Oblique angles of 45° to the cortical plate also failed within orthodontic force levels.20 Because this off-axis insertion and load relationship led to significant loss of retention at less than 45%, the amount of force for the 90° insertion angle, this insertion angle is contraindicated when medium to heavy orthodontic force levels are used. Although previous studies recommend inserting implants at an extreme angle to the cortical plate to reduce the risk of root contact on insertion, this recommendation significantly reduces the amount of force the implant will withstand.11 In situations where root proximity is a concern, insertion site should be reconsidered or preimplant orthodontics should be conducted to facilitate root divergence. The results of all angular tests indicate placement of TADs at 90° is suggested for optimal retention.

While the results of this study are definitive, they are not without limitations. This study was conducted with bone analogs and simulated loading. While this design reduces confounding variables, clinical investigation of the principles germane to this study would increase understanding. Readers should also be mindful this study focused on a single insertion location, specifically chosen for the thin cortical plate and least dense cancellous bone of the maxillary premolar region, and did not evaluate the effects of static loading over long-term force application. Future investigations in areas of various hard and soft tissue anatomy are needed.
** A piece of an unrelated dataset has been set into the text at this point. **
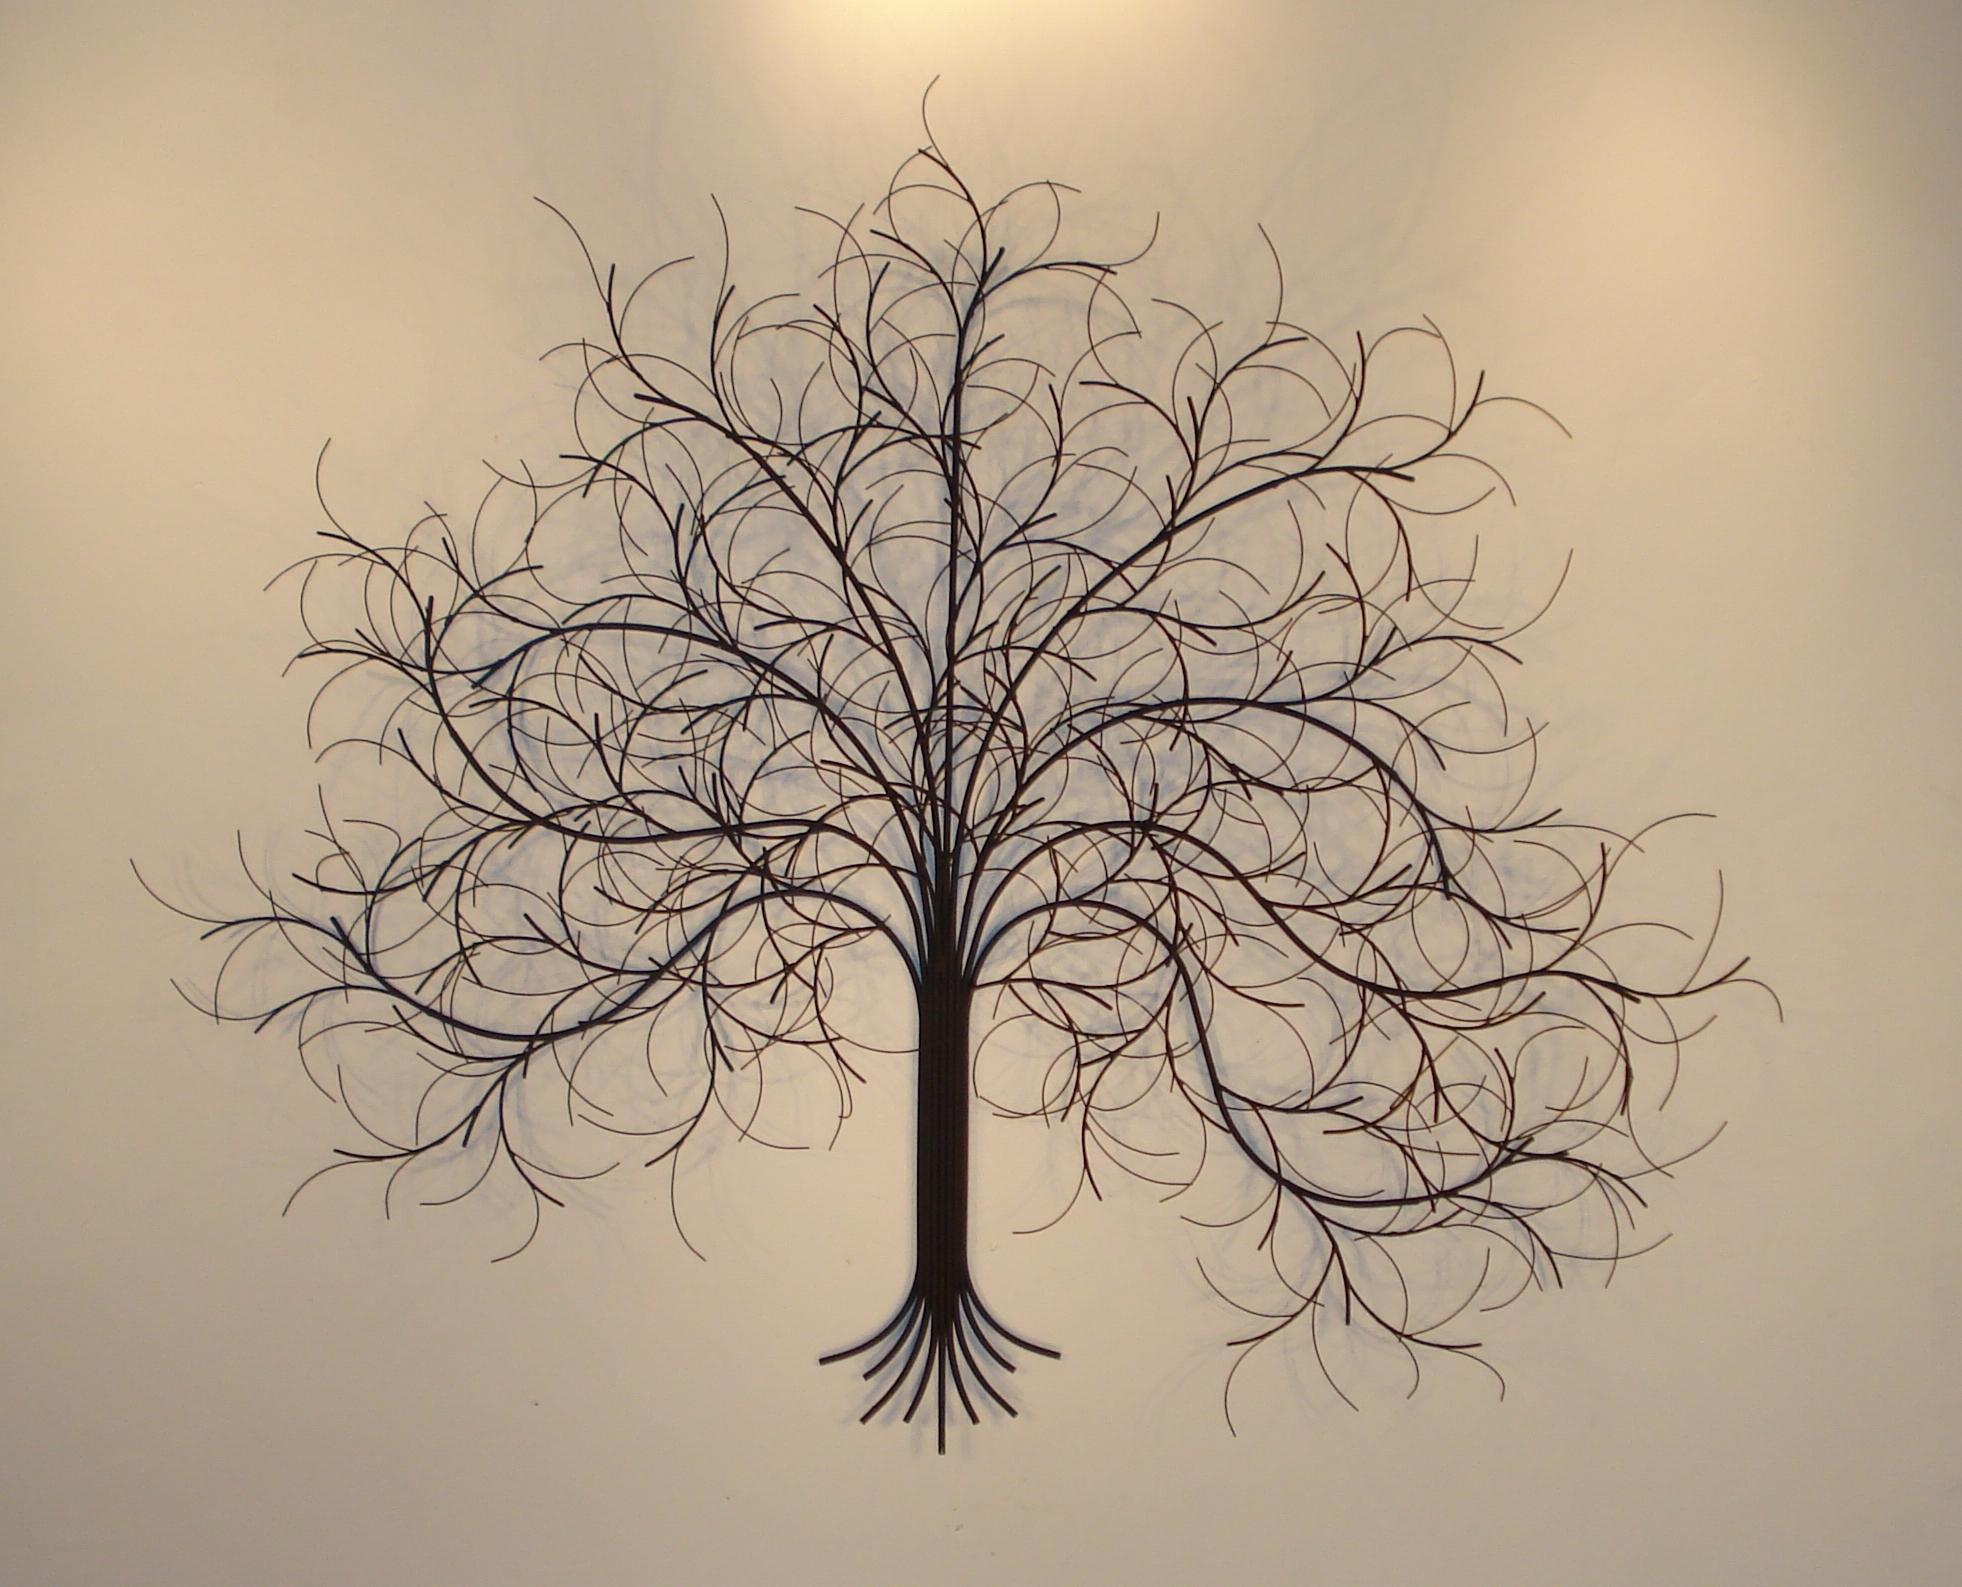 March Tree Metal Wall Art – Metal Sculpture And Wall Decor – Gurtan Inside Latest Metal Tree Wall Art (View 4 of 15)
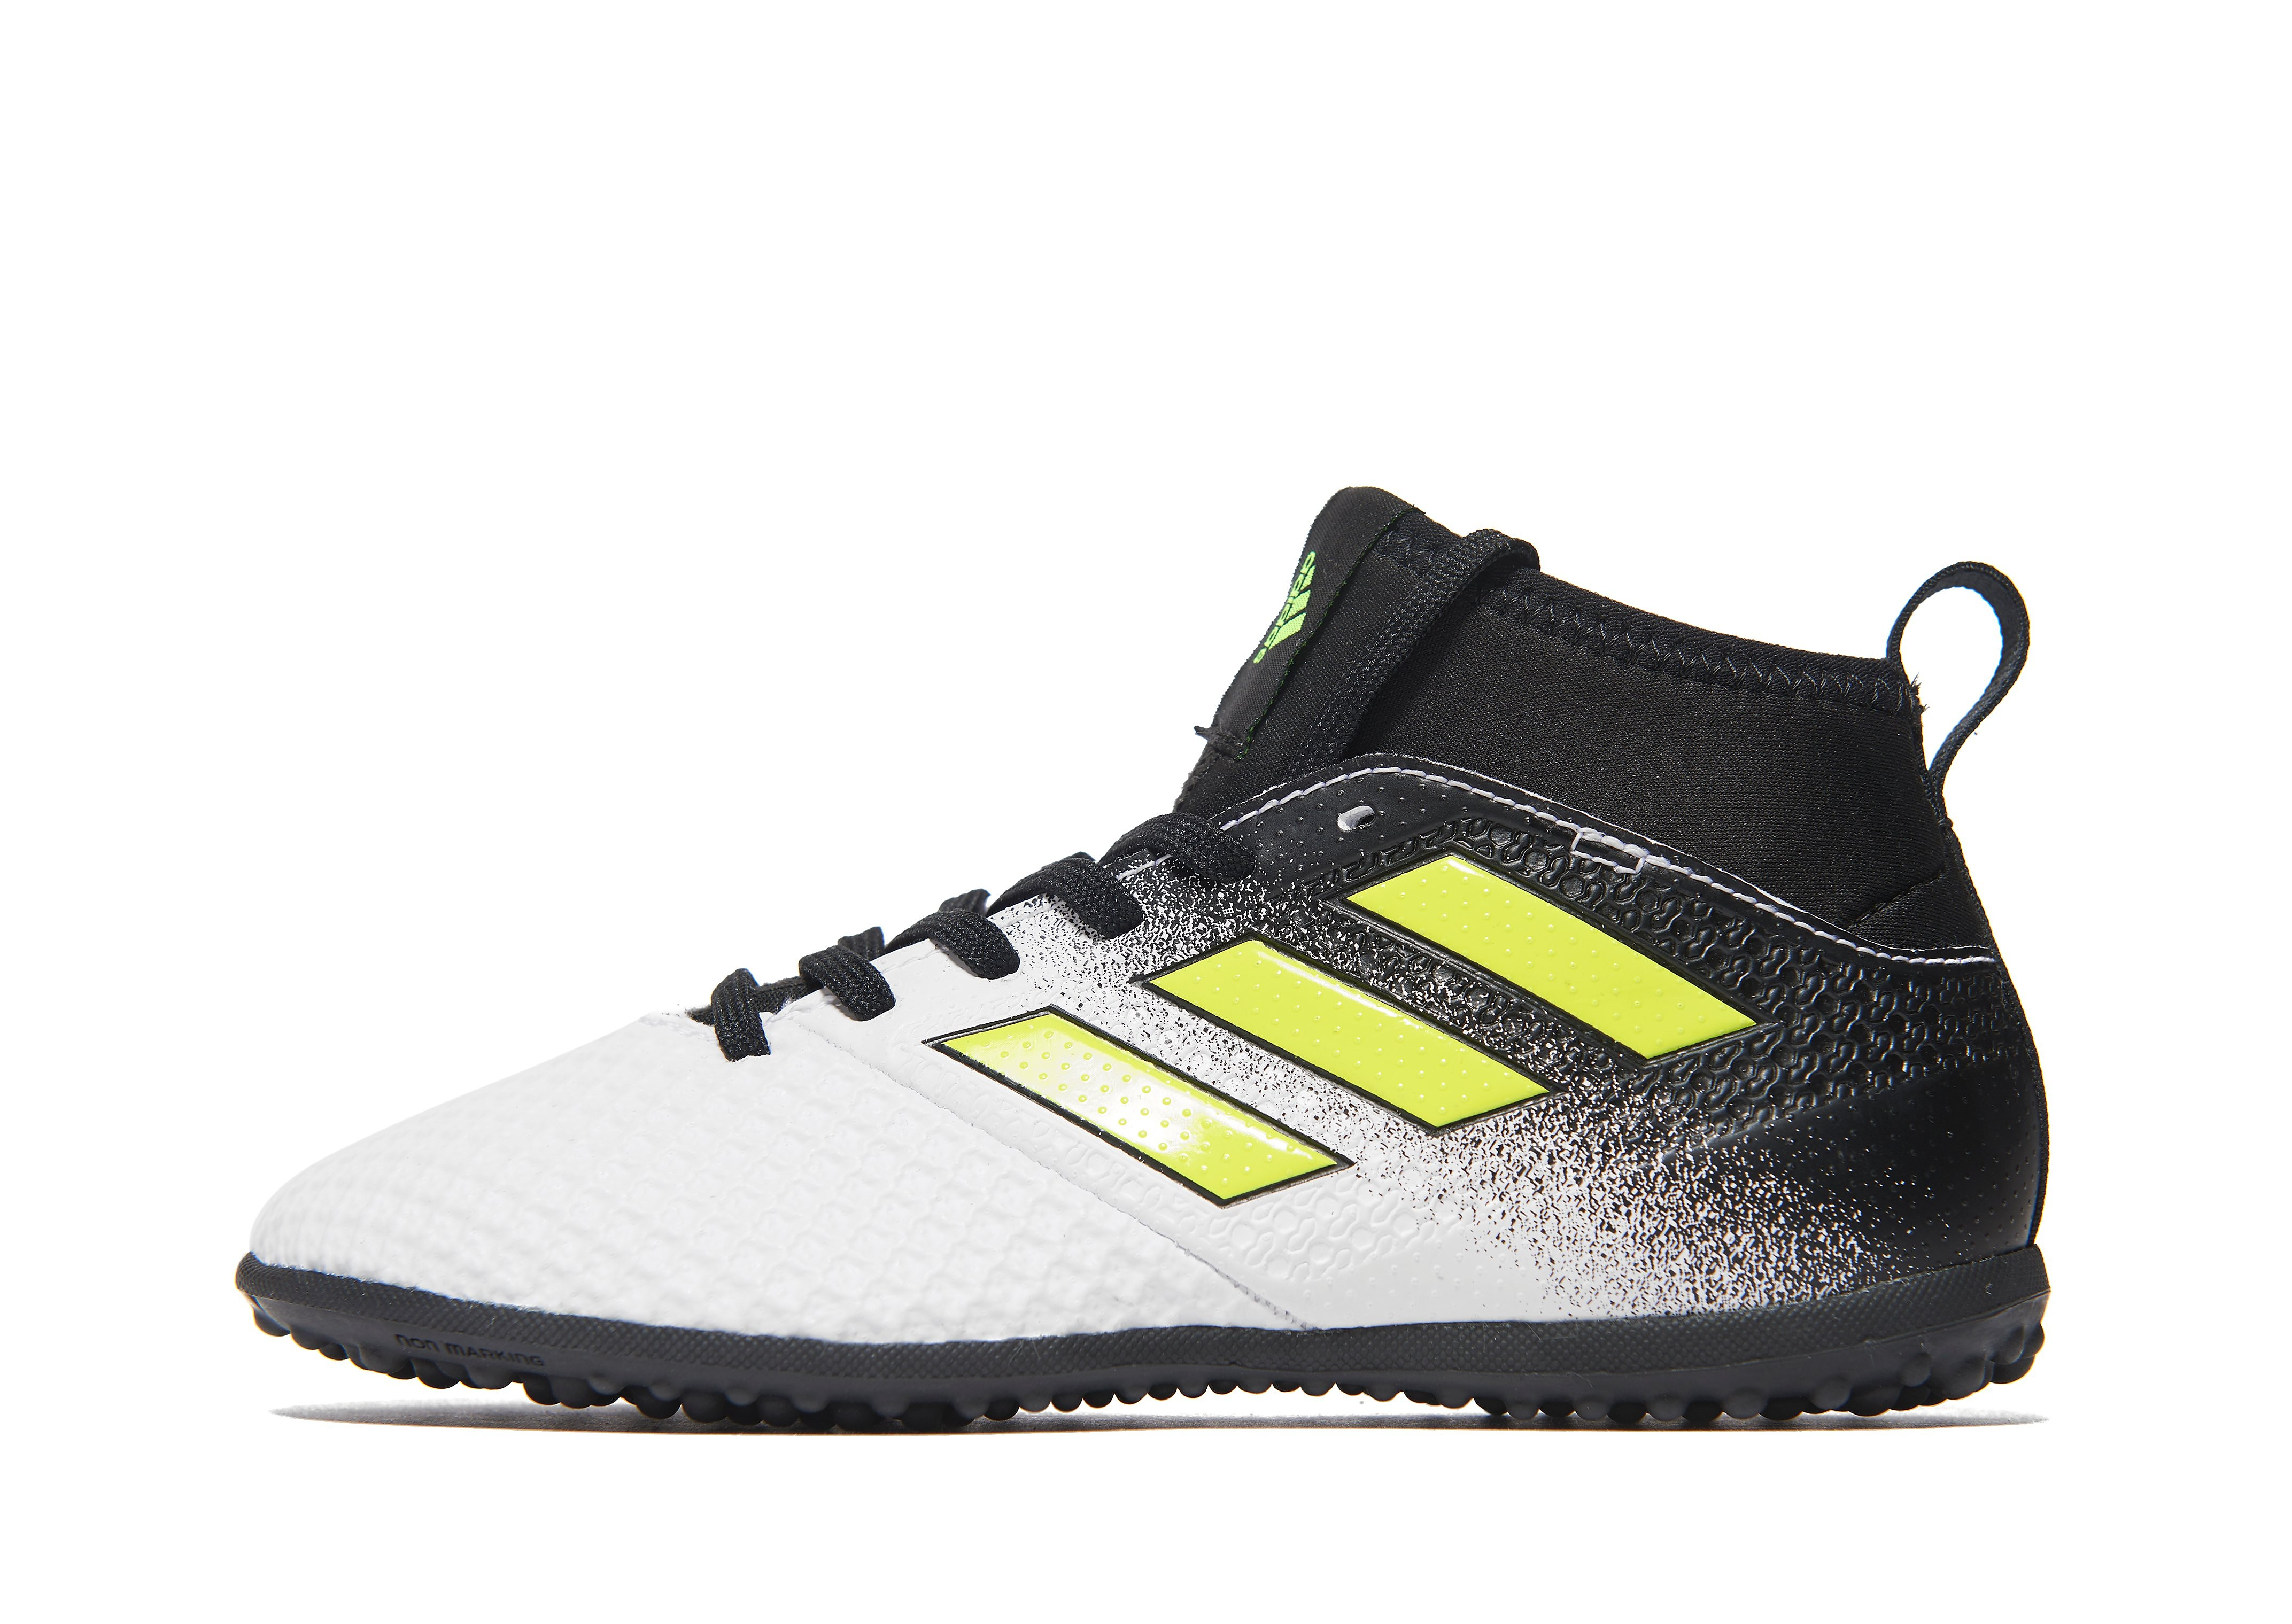 adidas Dust Storm ACE 17.3 Primemesh Turf Children

Additionally, evaluations with different implant designs may prove to be beneficial, especially implants with tighter thread patterns and different pitches.

CONCLUSIONS

  • Increased insertion depth increases retention, though shorter implants should be sufficient in most orthodontic force systems if placed at 90° to the cortical plate.

  • Increased abutment distance from the cortical plate decreases retention.

  • Placement at 90° to the cortical plate is the most retentive insertion angle.

  • Insertion at an oblique angle from the line of force reduces retention.

Acknowledgments

The authors wish to thank Synthes, Ormco, and Dentaurum for donations of the implants used in this study. Partial support provided by NIH Grant K25AG022464.